Thinking about buying your first home? Well, get a move on -- in some markets the supply's dwindling.
That's the finding in research by Zillow, which runs the home-shopping site Zillow.com.
"First-time homebuyers are being squeezed out of the market by falling inventory and the rapid influx of investors looking to buy basic homes to rent out to the growing population of people who have recently been foreclosed upon," Zillow chief economist Stan Humphries says in a press release. "Investors are paying in cash and can close sooner, which is more favorable to banks and homeowners looking to sell."

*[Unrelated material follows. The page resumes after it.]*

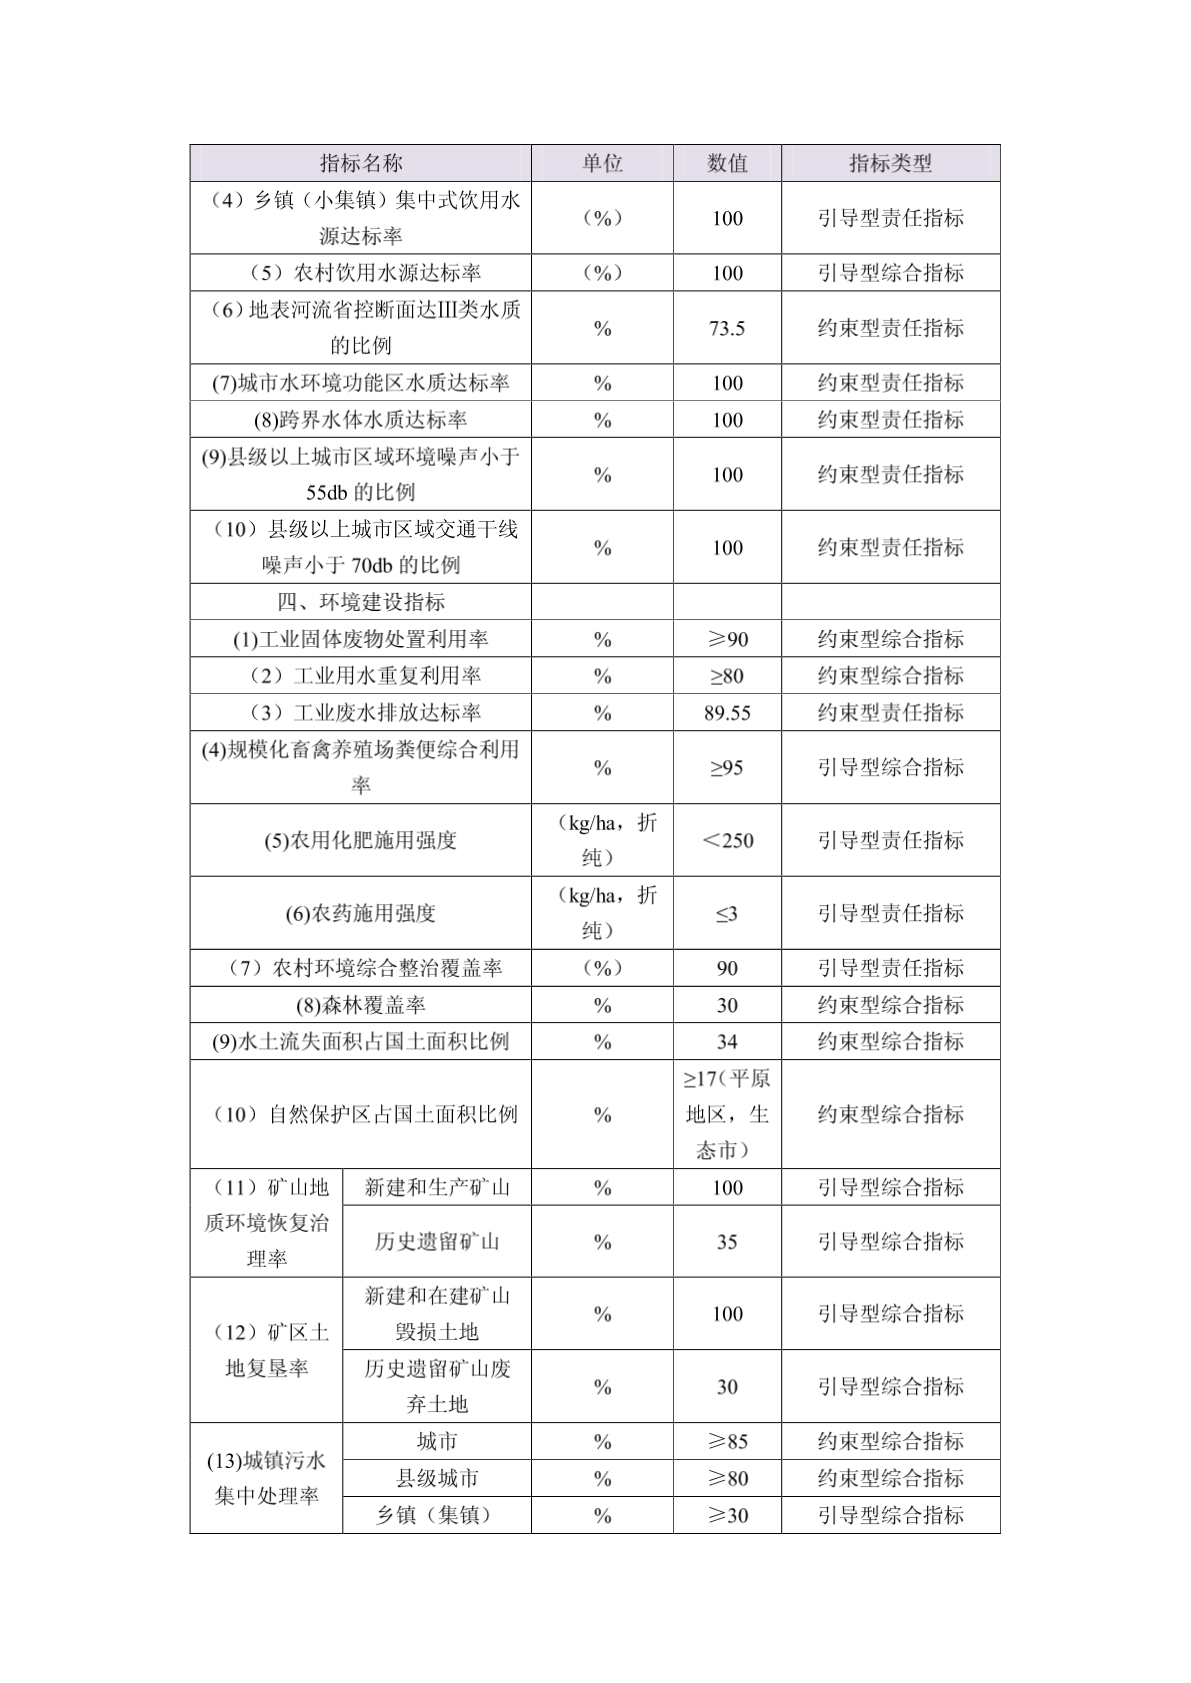 荆州市“十二五”环境保护规划指标体系已确立 - 荆州市环境保护网-图二
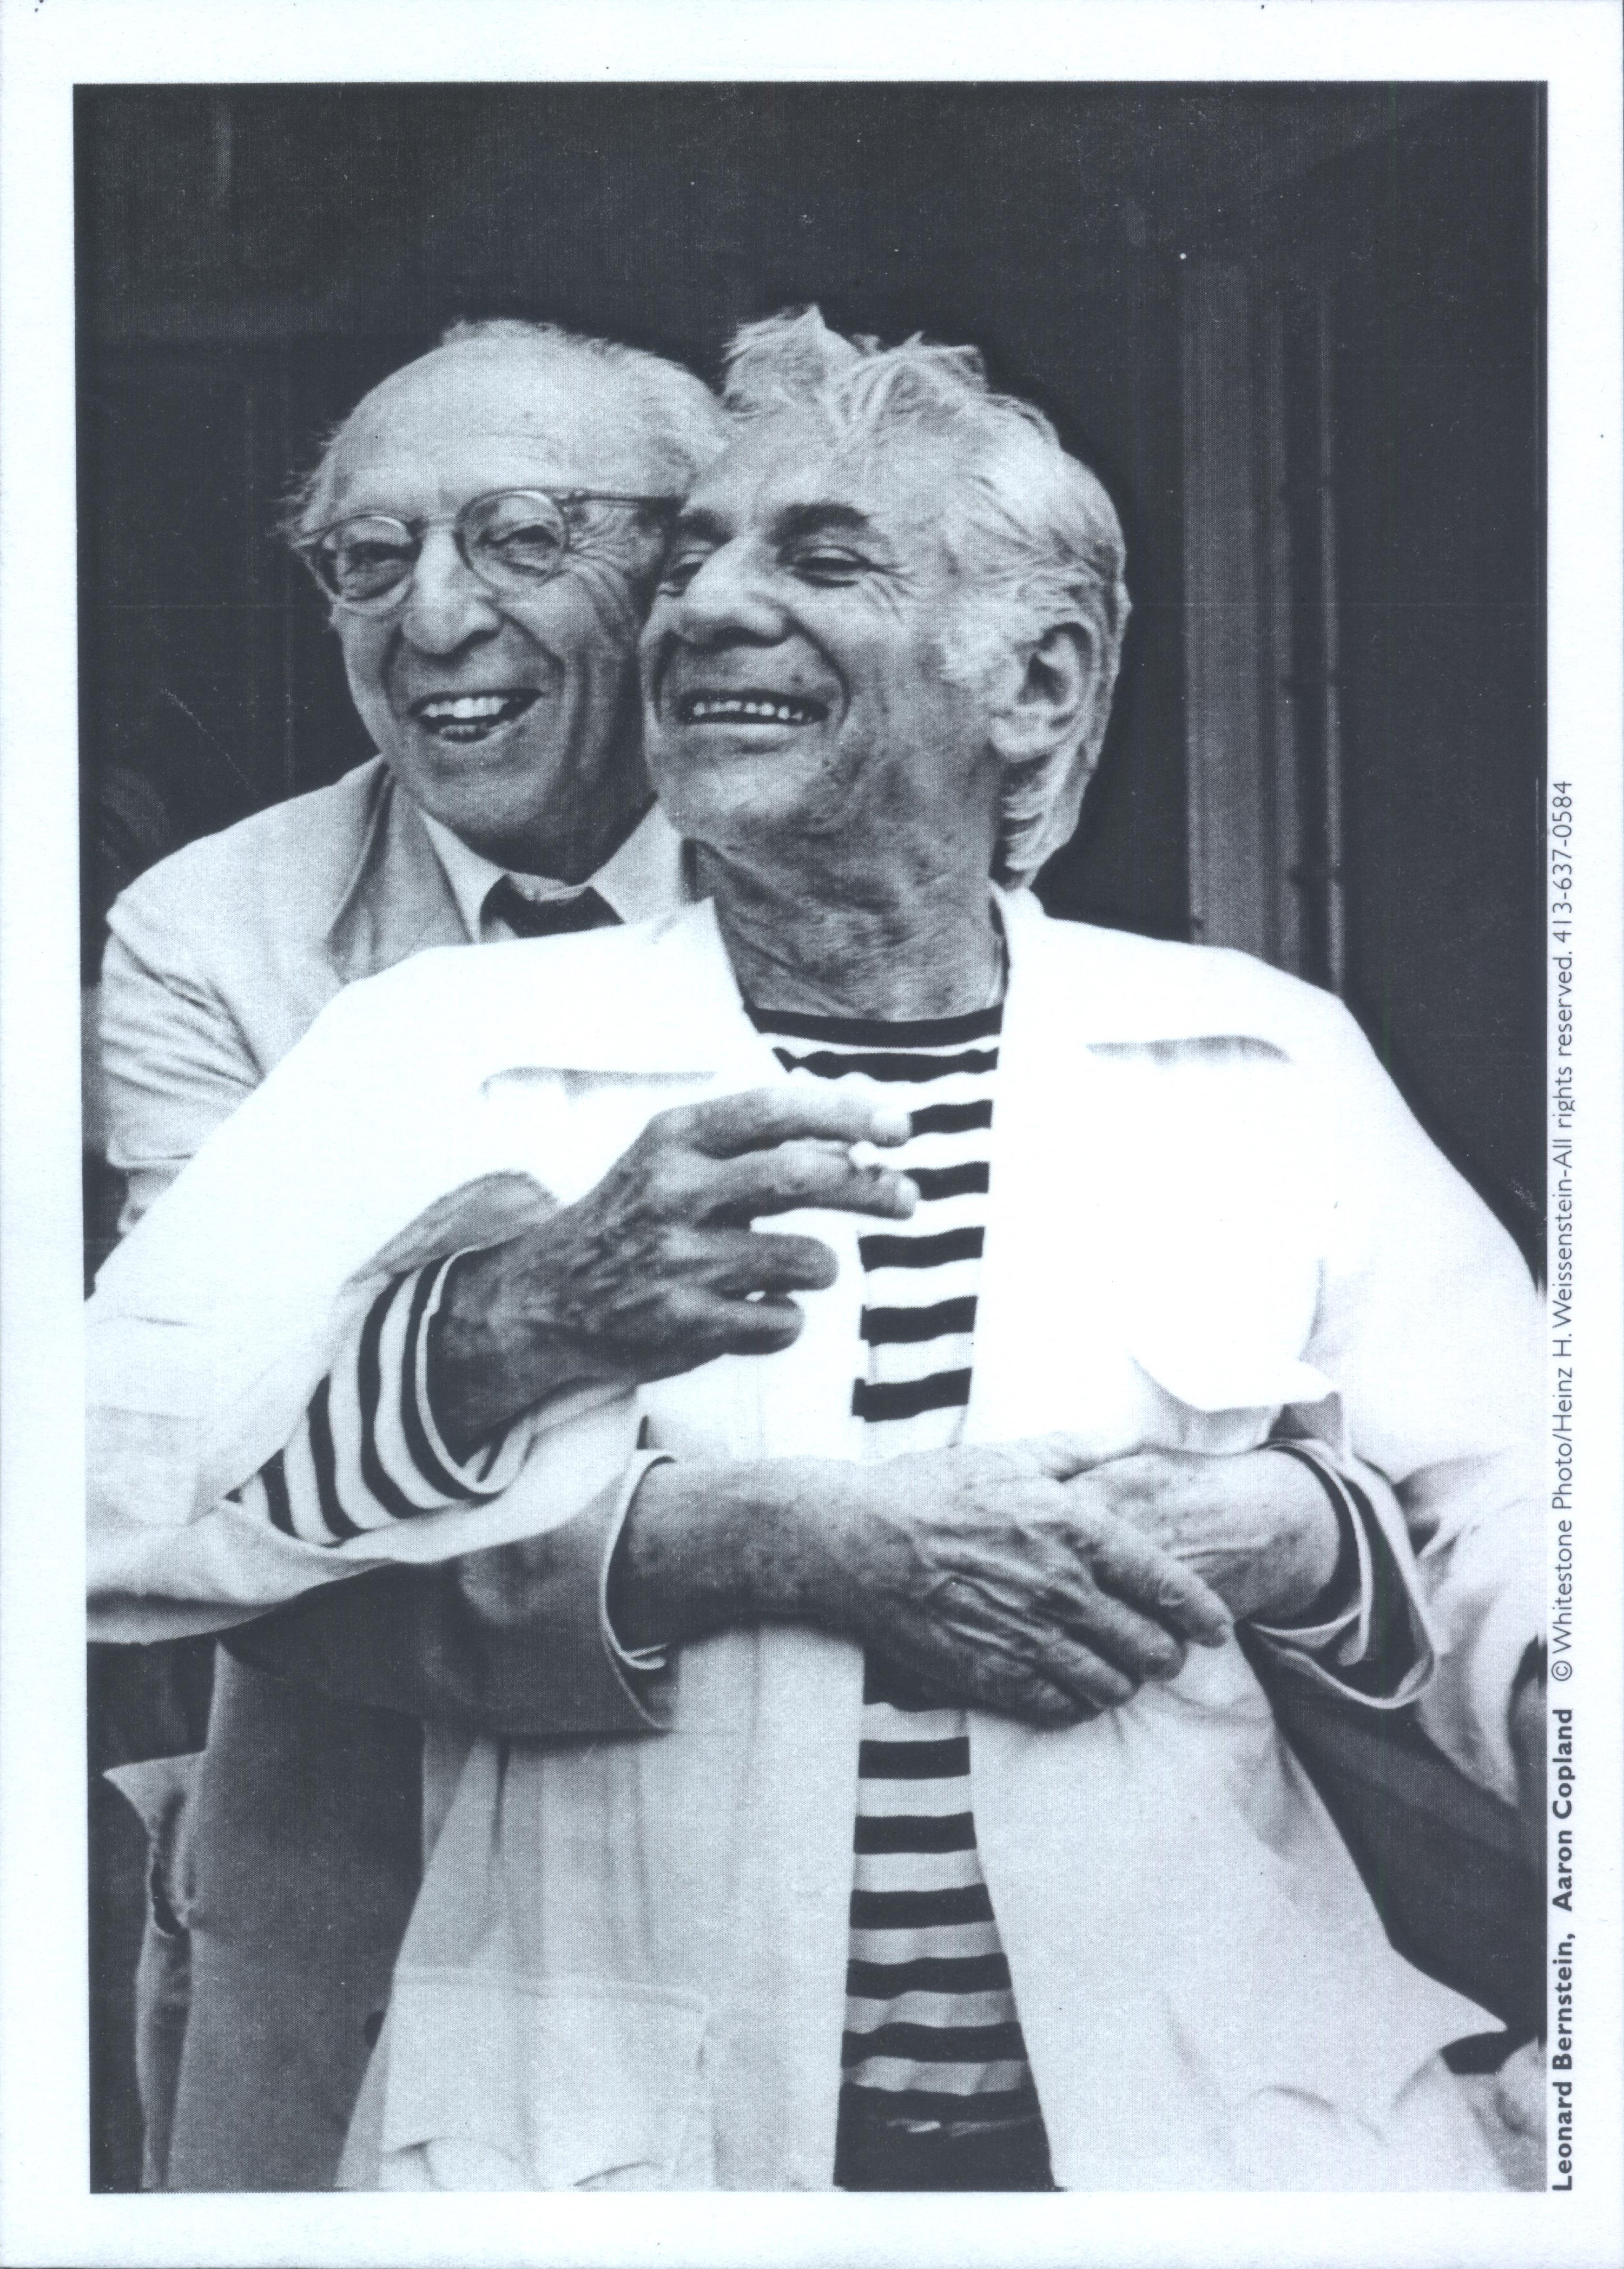 Aaron Copland hugs Leonard Bernstein. Both men are smiling.

California is the poster child for this problem, Zillow says, with the inventory of "bottom tier" homes dropping 42.7 percent in the 12 months ended Sept. 30. The bottom tier is the cheapest one-third of homes. In the middle and upper tiers, California's inventories have dropped 37.4 percent and 31.9 percent, respectively. Nationally, the bottom tier inventory has dropped 15.3 percent, the middle 18.6 percent and the upper 22 percent.
If you're thinking about buying your first home, don't panic, because there are still homes out there, prices aren't rising very fast, and not all markets are experiencing a severe decline in lower-cost homes.
The worst-hit are metro areas in Phoenix, with the bottom-tier inventory down 57.1 percent, Sacramento off 55.4 percent and San Francisco down 53.2 percent.
At the other end of the spectrum, bottom-tier inventory is down just 5.6 percent in Cincinnati, 6.5 percent in San Antonio and 7.1 percent in Philadelphia.
But Zillow's report is a wake-up call. Ever since the financial crisis hit in 2008, prospective homebuyers have been told, "Don't rush. It's a buyer's market. There will be plenty of homes in six months or a year, and if you buy now, you could lose money if prices drop further."
This doesn't seem to be the case anymore. There's a growing consensus among housing-market experts that conditions are improving. It seems unlikely that prices will plunge again, sales and prices are rising and conditions are likely to continue getting better as the economy improves and mortgage rates stay low. (See one cautionary note here.)
Capitalizing on a Trend
The problem, according to Zillow, is that investors are spotting the trend and buying up the most economical homes to use as rentals. Traditionally, a newly bought rental property runs in the red for a number of years before rent increases can cover all the owner's costs. But today, because prices and mortgage rates are low and rents relatively high due to the oversupply of renters, investment properties can pay off much sooner.
So, for the first-time buyer -- and others, too -- the standard advice is changing: The chance to pick up a bargain now seem better than the risk of losing money in another dip. There may be fewer good buys in six months or a year.
If you want to move, it's not a bad time to do so, especially if you don't have to sell a home before you can buy one.